## WORK INSTRUCTION
A word-for-word copy of the data is what's wanted; pictures stay out of it.

## GIVEN INFORMATION
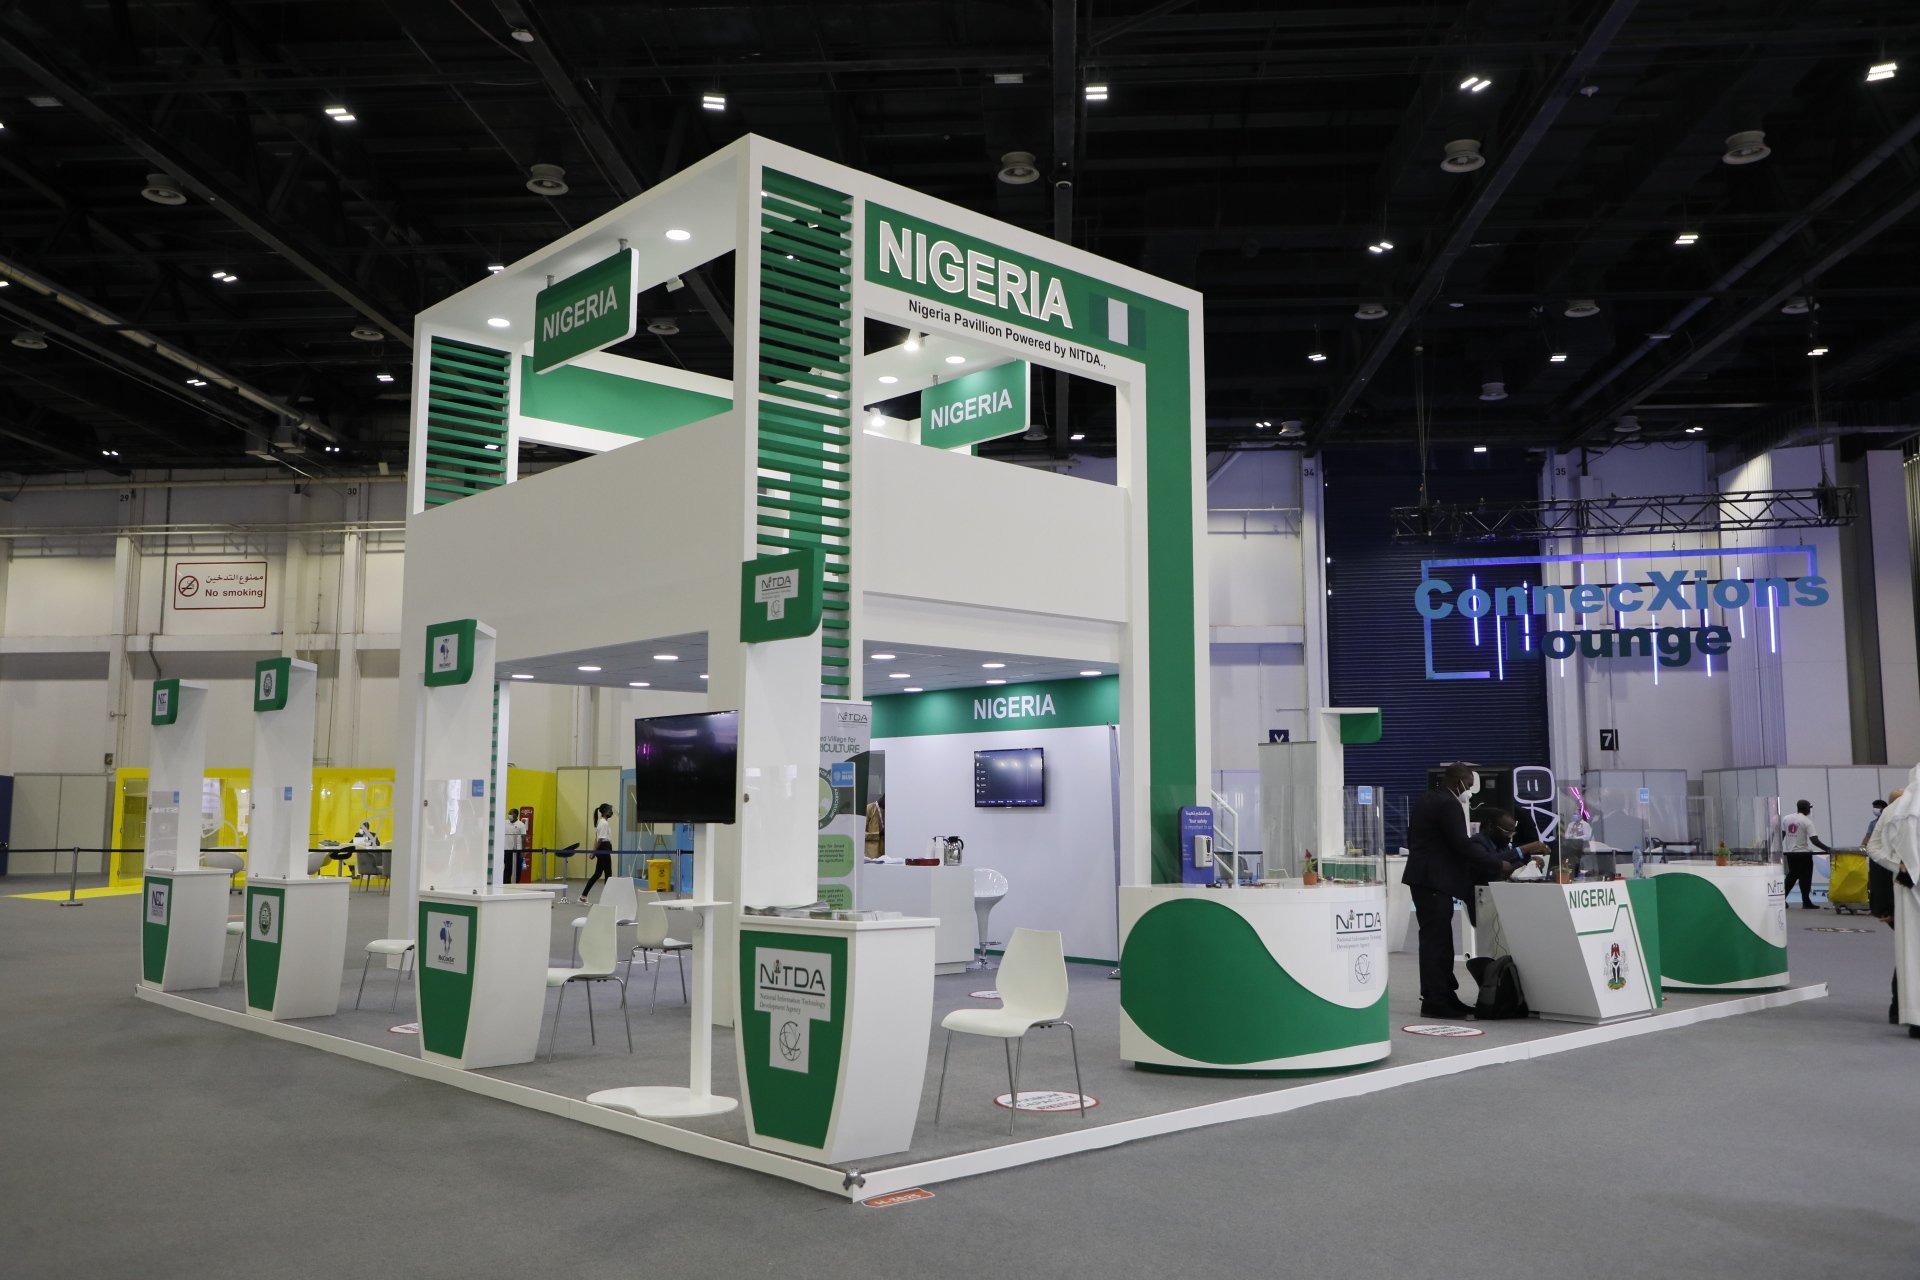 Tech is the major driver of Nigeria’s GDP, according to the country’s statistics bureau
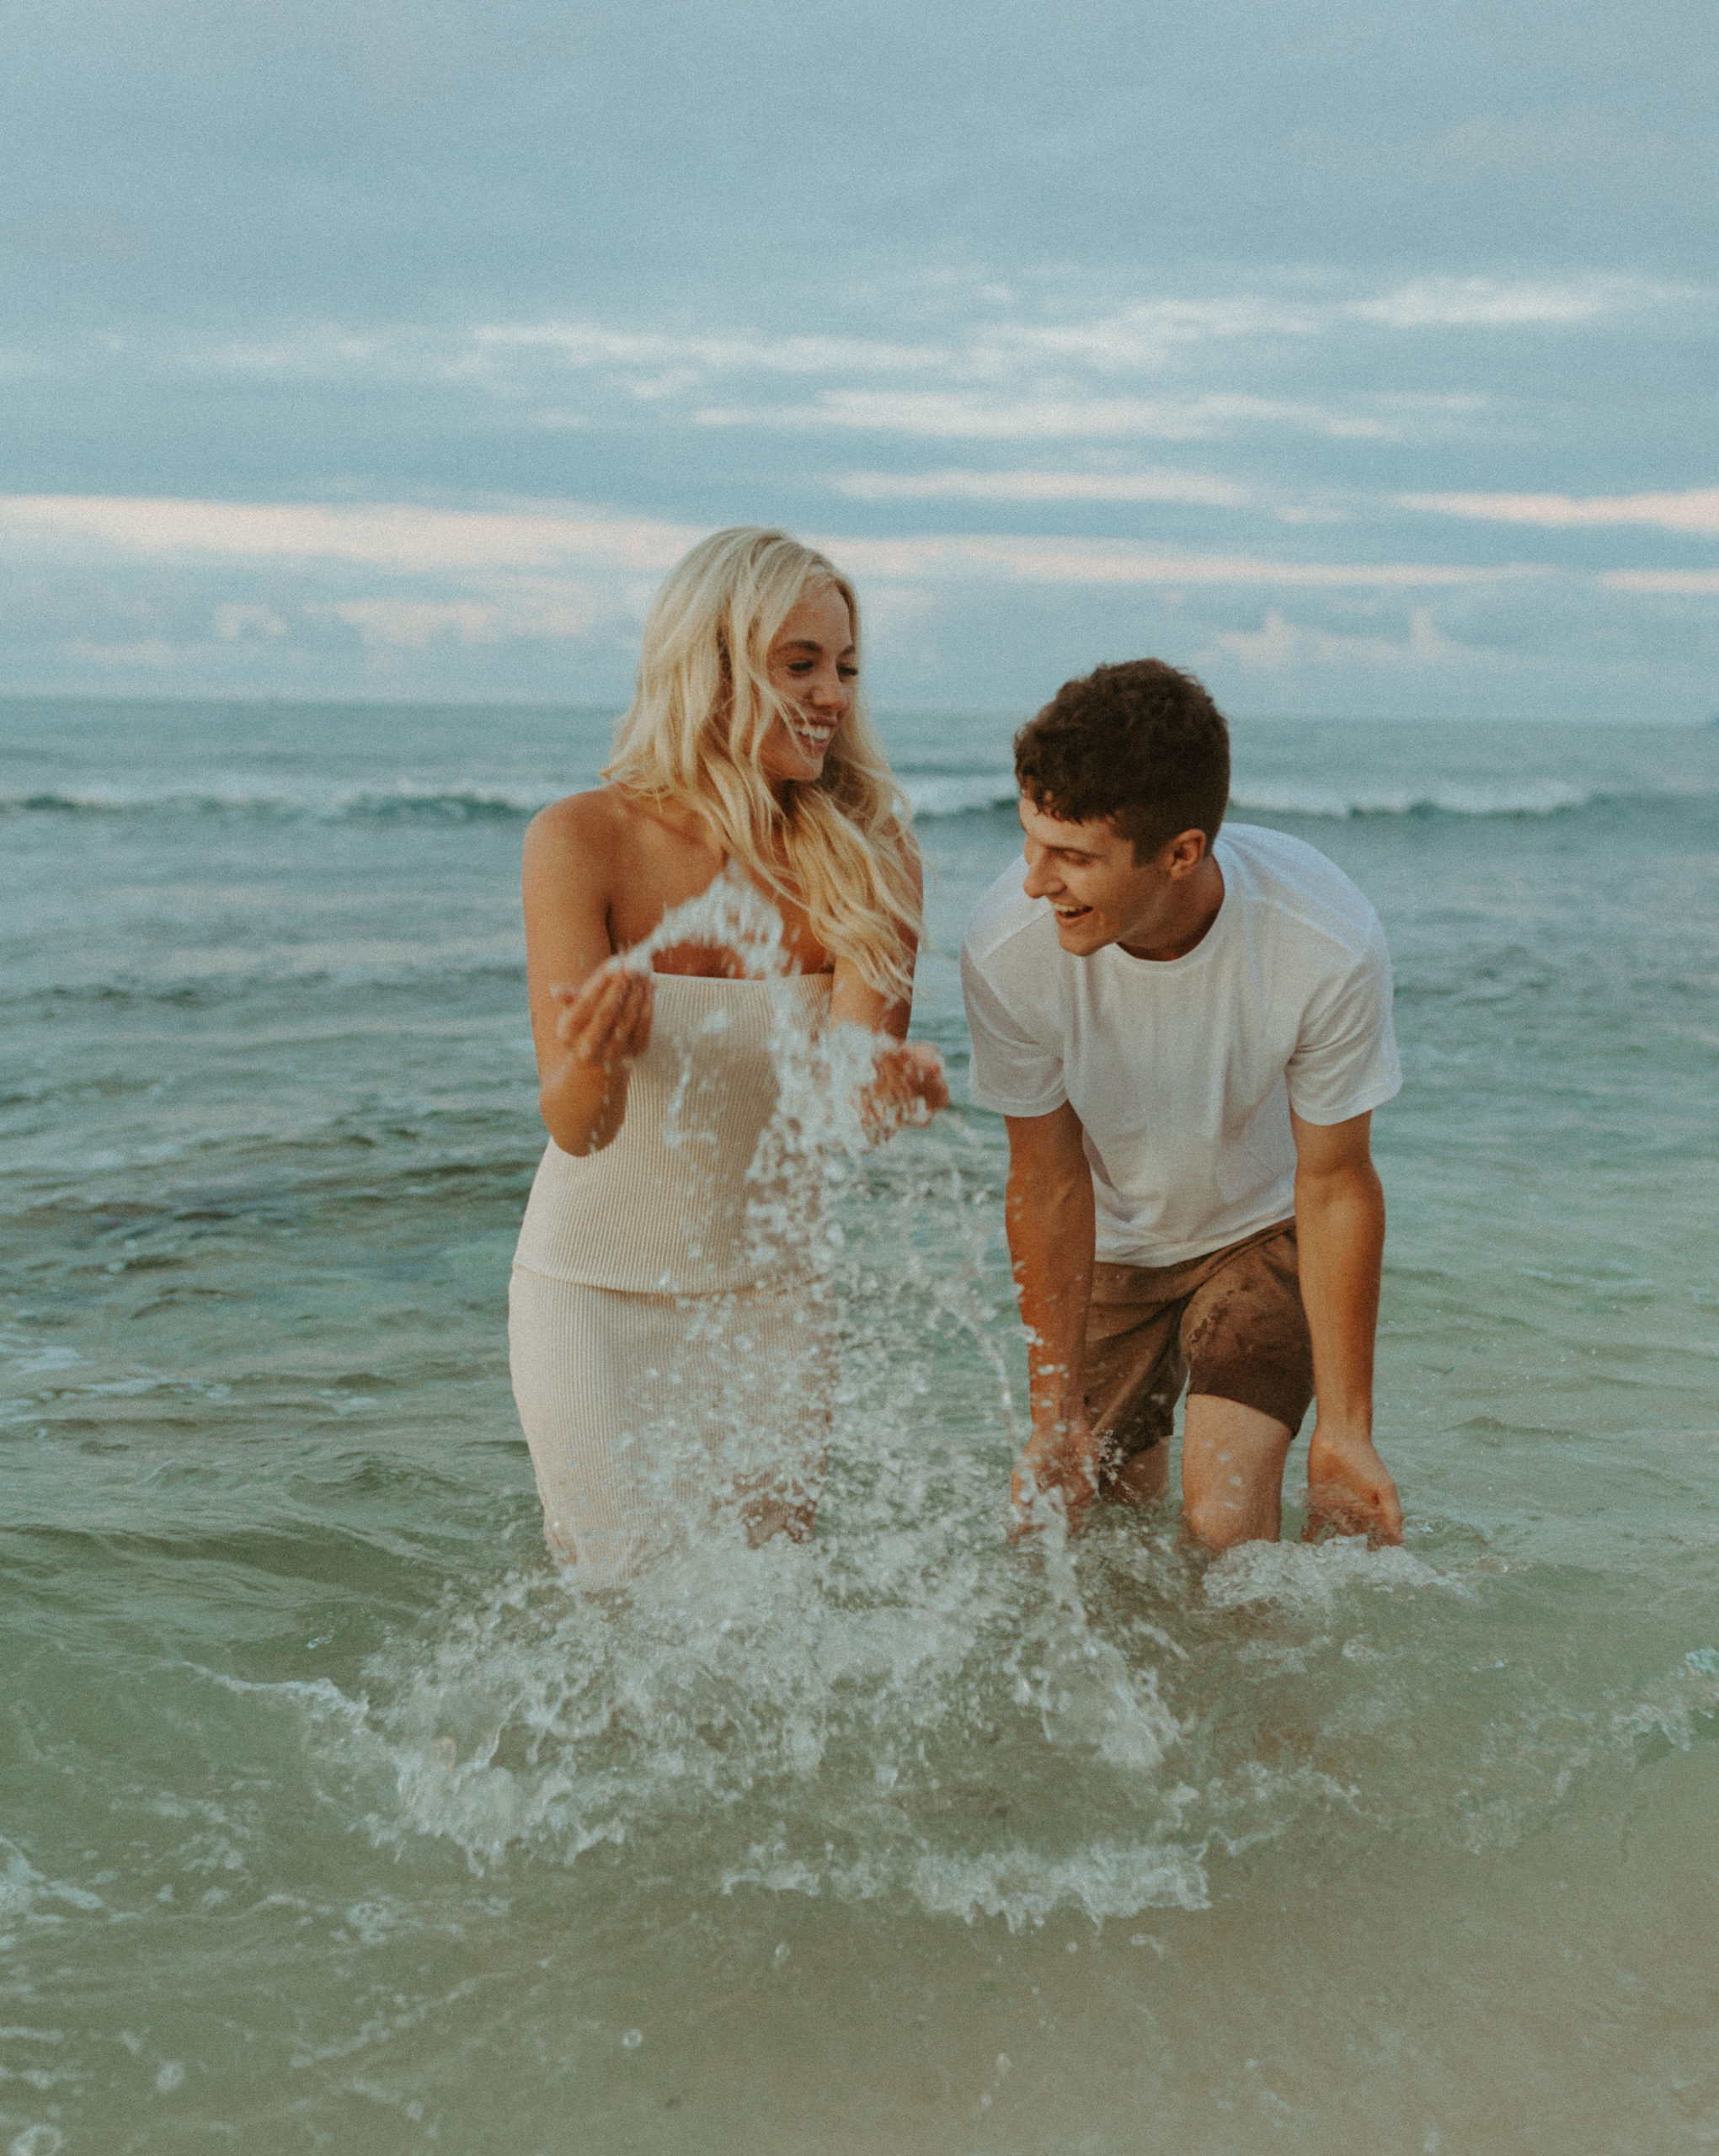 the couple splashing in the water
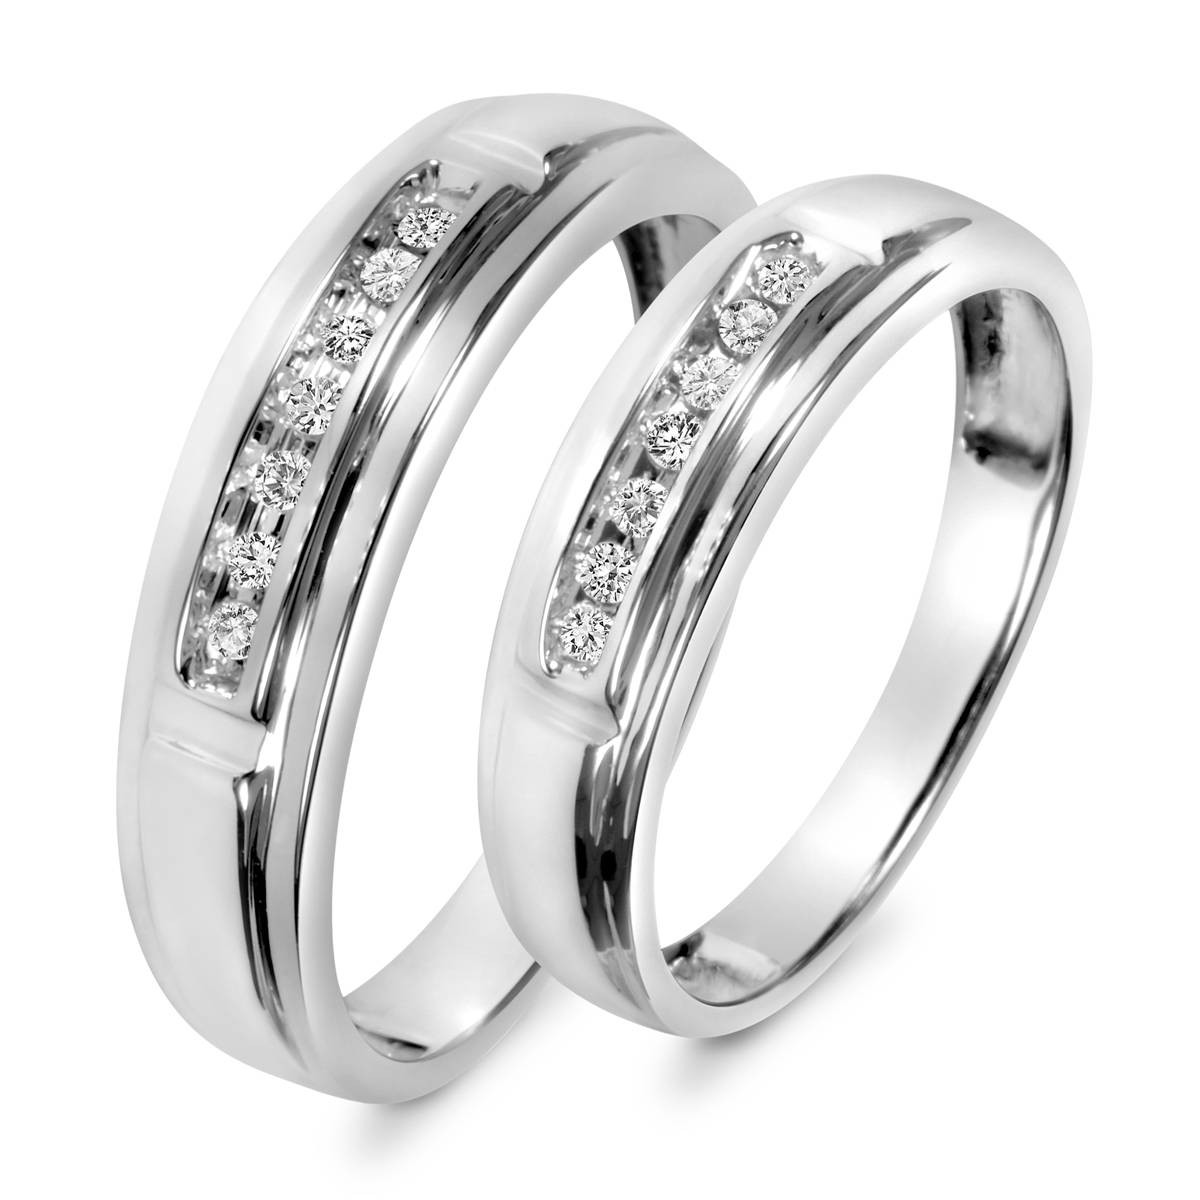 His And Hers Wedding Rings Cheap
 15 Inspirations of Cheap Wedding Bands Sets His And Hers

## SOLUTION FOR THIS PROBLEM
 Tech is the major driver of Nigeria’s GDP, according to the country’s statistics bureau
 the couple splashing in the water
 His And Hers Wedding Rings Cheap
 15 Inspirations of Cheap Wedding Bands Sets His And Hers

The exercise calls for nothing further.